01 1Pfizer Inc
01 1VIDARABINE
01 1U.S.A
01 1Inactive
01 1Blank
GDUFA
DMF Review : N/A
Rev. Date :
Pay. Date :
DMF Number : 13730
Submission : 1998-09-01
Status : Inactive
Type : II
A Vidarabine manufacturer is defined as any person or entity involved in the manufacture, preparation, processing, compounding or propagation of Vidarabine, including repackagers and relabelers. The FDA regulates Vidarabine manufacturers to ensure that their products comply with relevant laws and regulations and are safe and effective to use. Vidarabine API Manufacturers are required to adhere to Good Manufacturing Practices (GMP) to ensure that their products are consistently manufactured to meet established quality criteria.
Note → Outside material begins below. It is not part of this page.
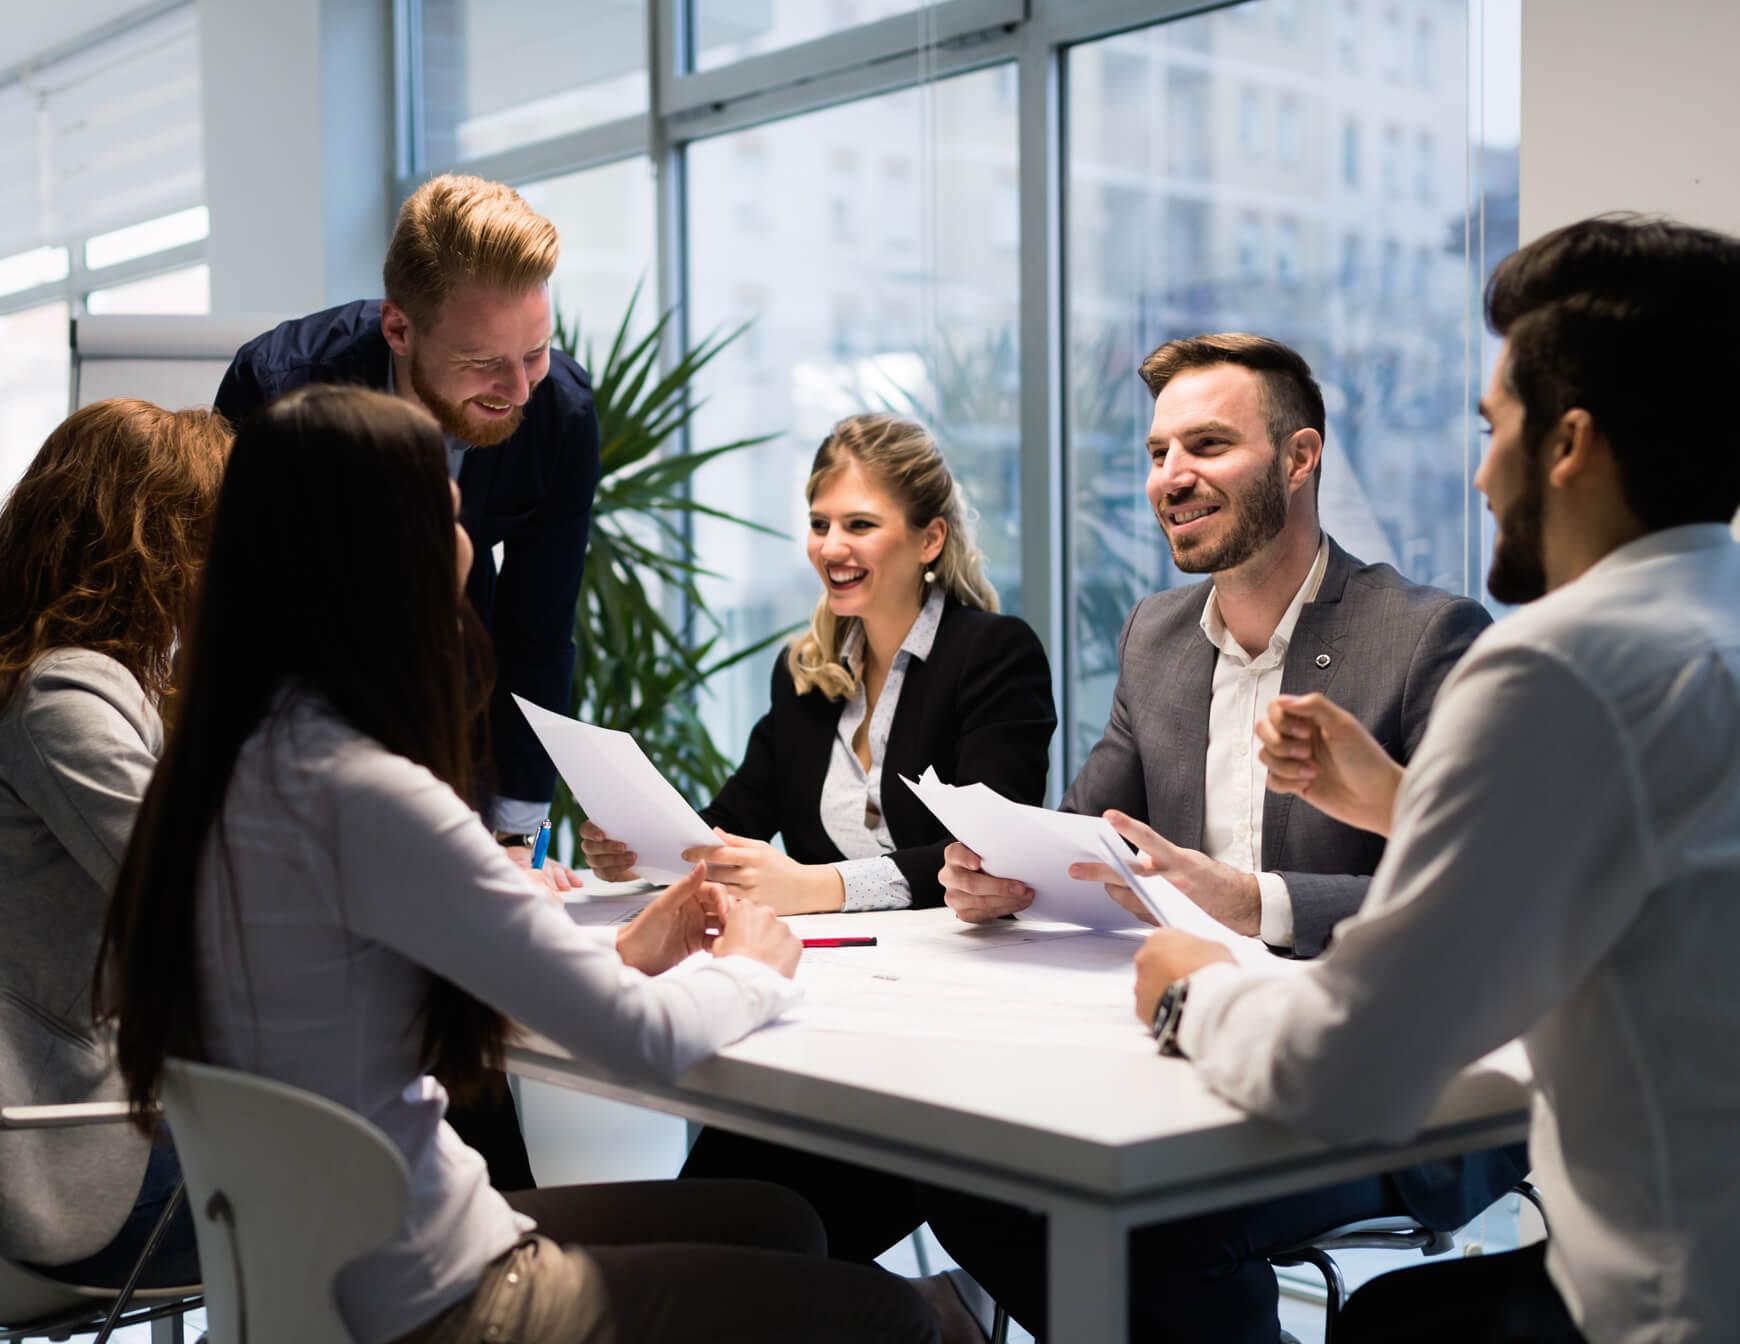 לשדרג את החוויה של הלקוחות העסקיים והפרטיים עם Avast

click here to find a list of Vidarabine manufacturers with USDMF, JDMF, KDMF, CEP, GMP, COA and API Price related information on PhamaCompass.
A Vidarabine supplier is an individual or a company that provides Vidarabine active pharmaceutical ingredient (API) or Vidarabine finished formulations upon request. The Vidarabine suppliers may include Vidarabine API manufacturers, exporters, distributors and traders.
click here to find a list of Vidarabine suppliers with USDMF, JDMF, KDMF, CEP, GMP, COA and API Price related information on PharmaCompass.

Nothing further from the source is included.